As the code is in a notebook, I'll put the main function and accompanying regex here:

# Regex pattern to grab the URLs with video IDs
# Generally, these are 11-character strings of alphanumeric characters with _ and - mixed in.
id_pattern = '''
    watch\?v=([\w\-]{11})               # Typical URL
    |\/v\/([\w\-]{11})                  # Typical URL Variant
    |youtu\.be\/([\w\-]{11})            # Shortened URL
    |\&v=([\w\-]{11})               # Encoded URL
    |embed\/([\w\-]{11})                # Embedded URL
    |watch\%3Fv\%3D([\w\-]{11})         # Really nasty referral URL
    |savieo\.com\/youtube\/([\w\-]{11}) # Seems to be a site for linking to videos
'''

# Gotta be able to grab share URLs from the rejects`
shared_url_pattern = 'shared\?ci=(.+)'

# Store failures to rummage through...
failed_urls = []

def grab_youtube_id(url):
    """
    Given a URL, attempt to parse out a YouTube video ID.
    Falls back to attempt to resolve a shared video URL if the URL
    matches the pattern for it.
    """
    try:
        # Sift through entire tuple to ensure the non-None match is returned
        found_groups = re.search(id_pattern, url, re.VERBOSE).groups()
        return [g for g in found_groups if g is not None][0]
    except:
        if re.search(shared_url_pattern, url) is not None:
            # Try to resolve a share URL to get the final video location
            try:
                resolved_share = urllib.request.urlopen(url)
                # Grab the actual video id from the resolved share link
                return re.search(id_pattern,
                                 resolved_share.geturl(),
                                 re.VERBOSE).groups()[0]
            except:
                # Away with you!
                failed_urls.append(url)
                return None
        else:
            # Append the rejects to the reject list!
            failed_urls.append(url)
            return None
josephpd3 commented 7 years ago

The failed_urls bit can either be excluded entirely or tied to the function with a closure so it can be used just as seamlessly with pandas as it is in the notebook.

josephpd3 commented 7 years ago

I updated the notebook to export the IDs etc to a .csv file. Let me know if/where you'd like me to upload it!
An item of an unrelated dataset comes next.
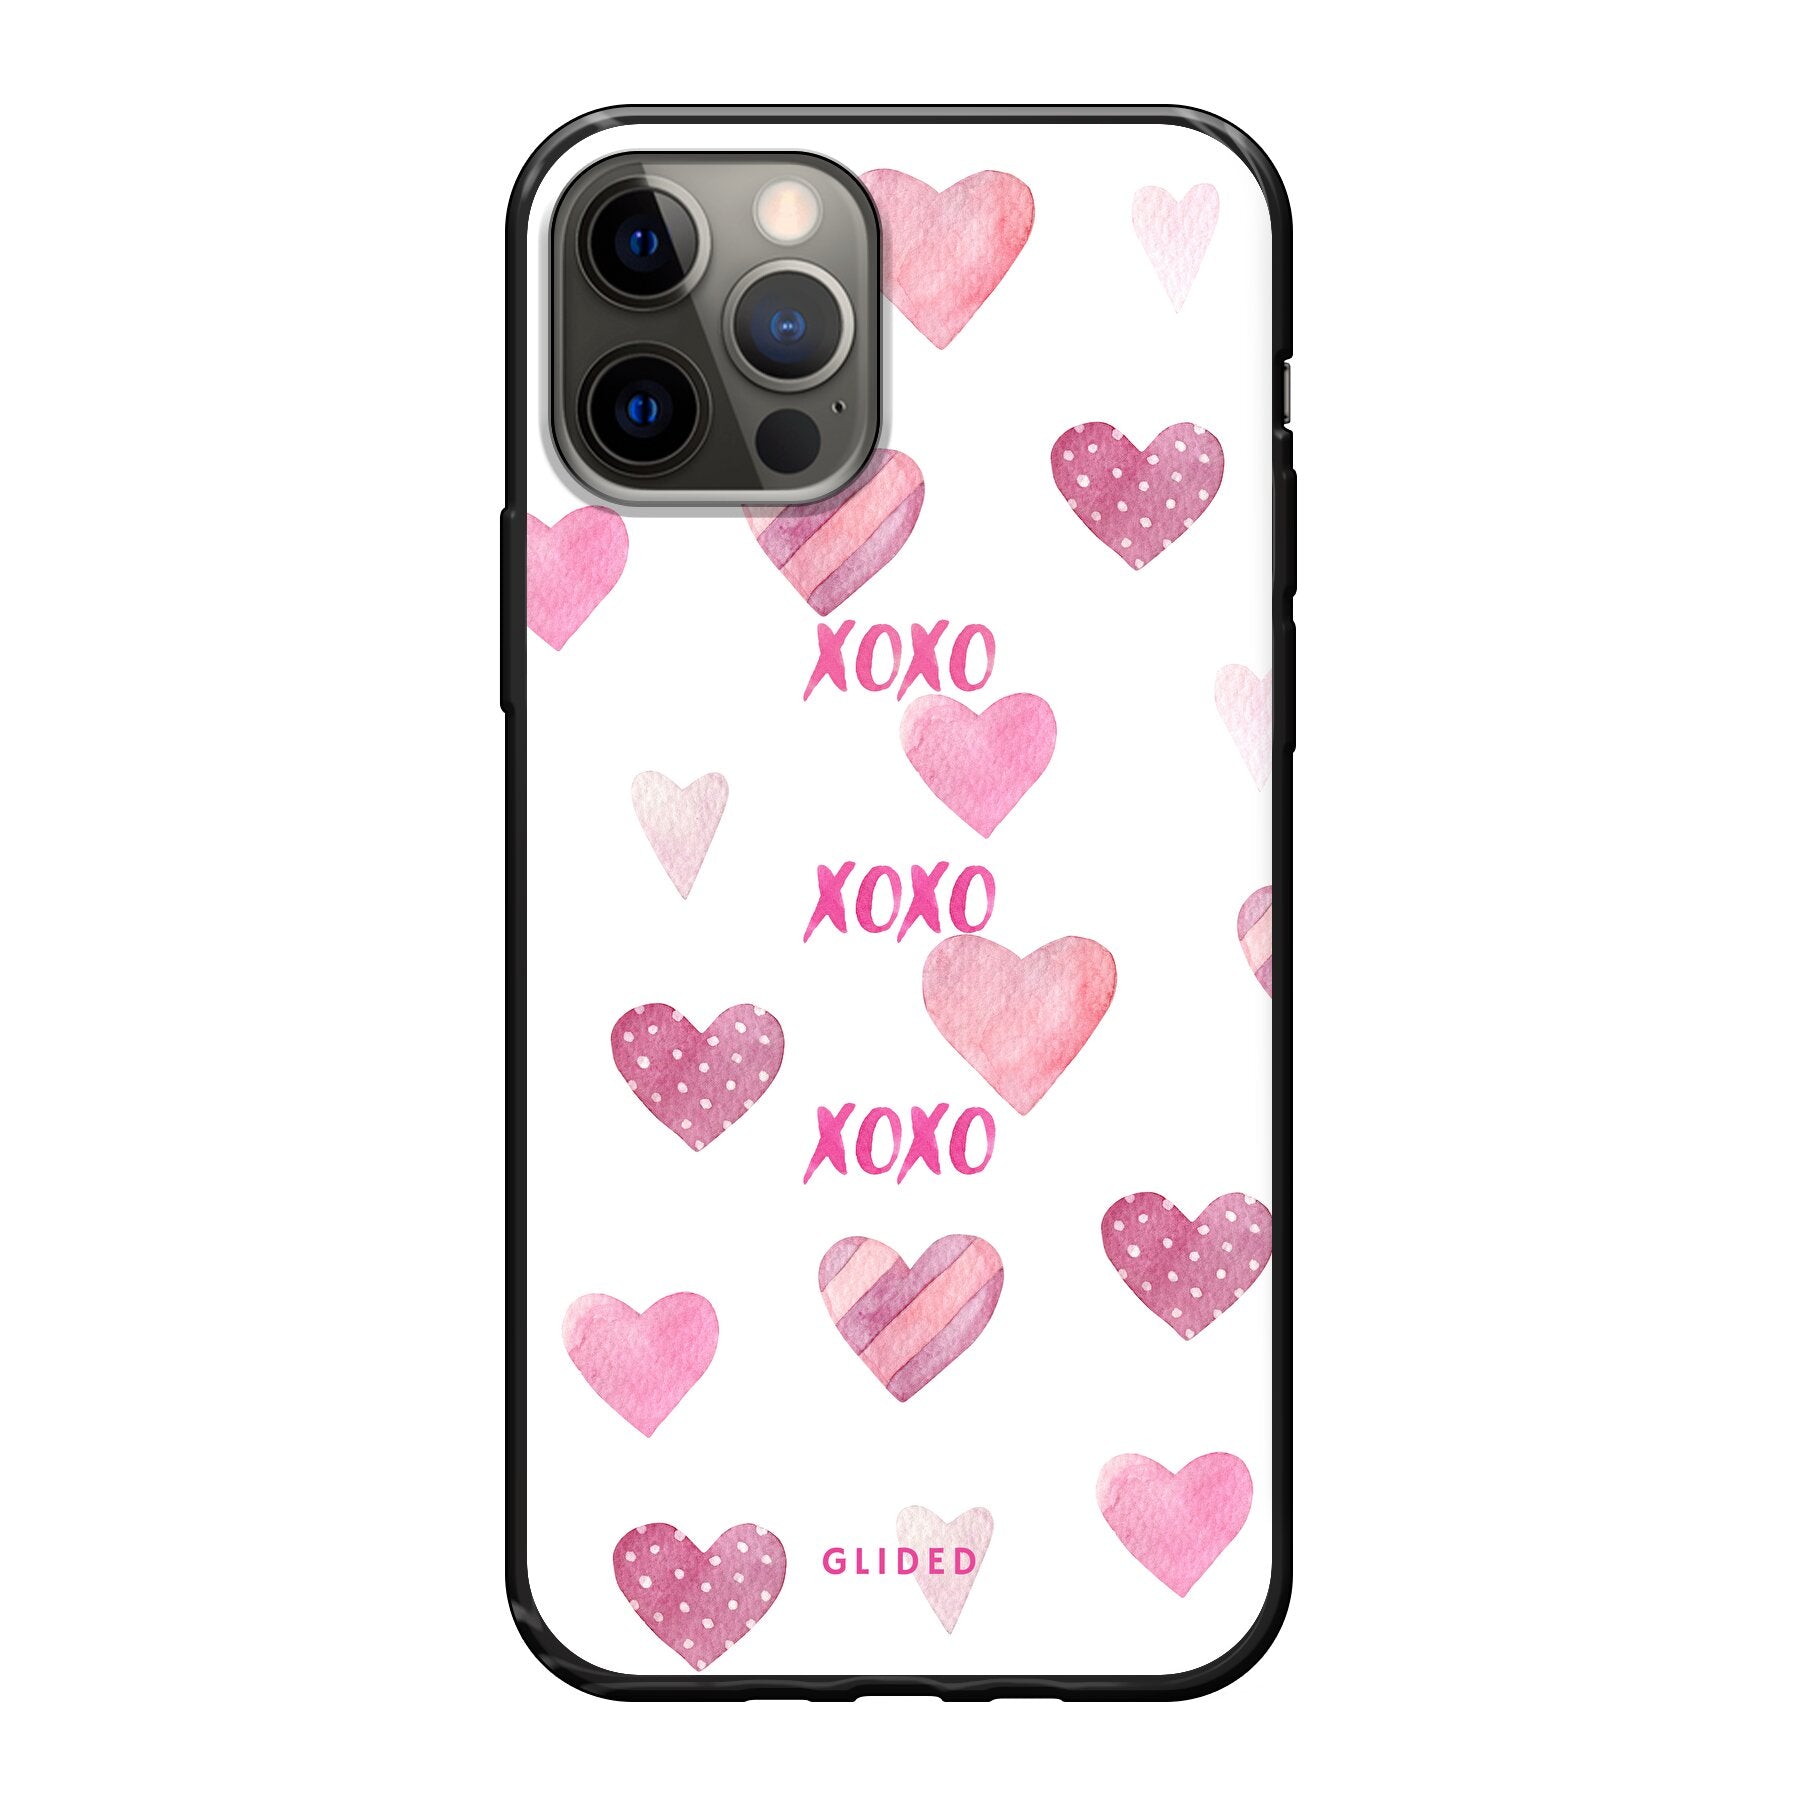 Xoxo - iPhone 12 Pro - Soft case

bstarling commented 7 years ago

Great work, thank you for this PR! We will work to get this into our data cleaning pipeline we are building on top of our eventador infrastructure. When we get to that point I will work with you to integrate.

When you get a moment can you direct msg me on slack for details with what to do with the output file. Thanks again, great PR.

Close #54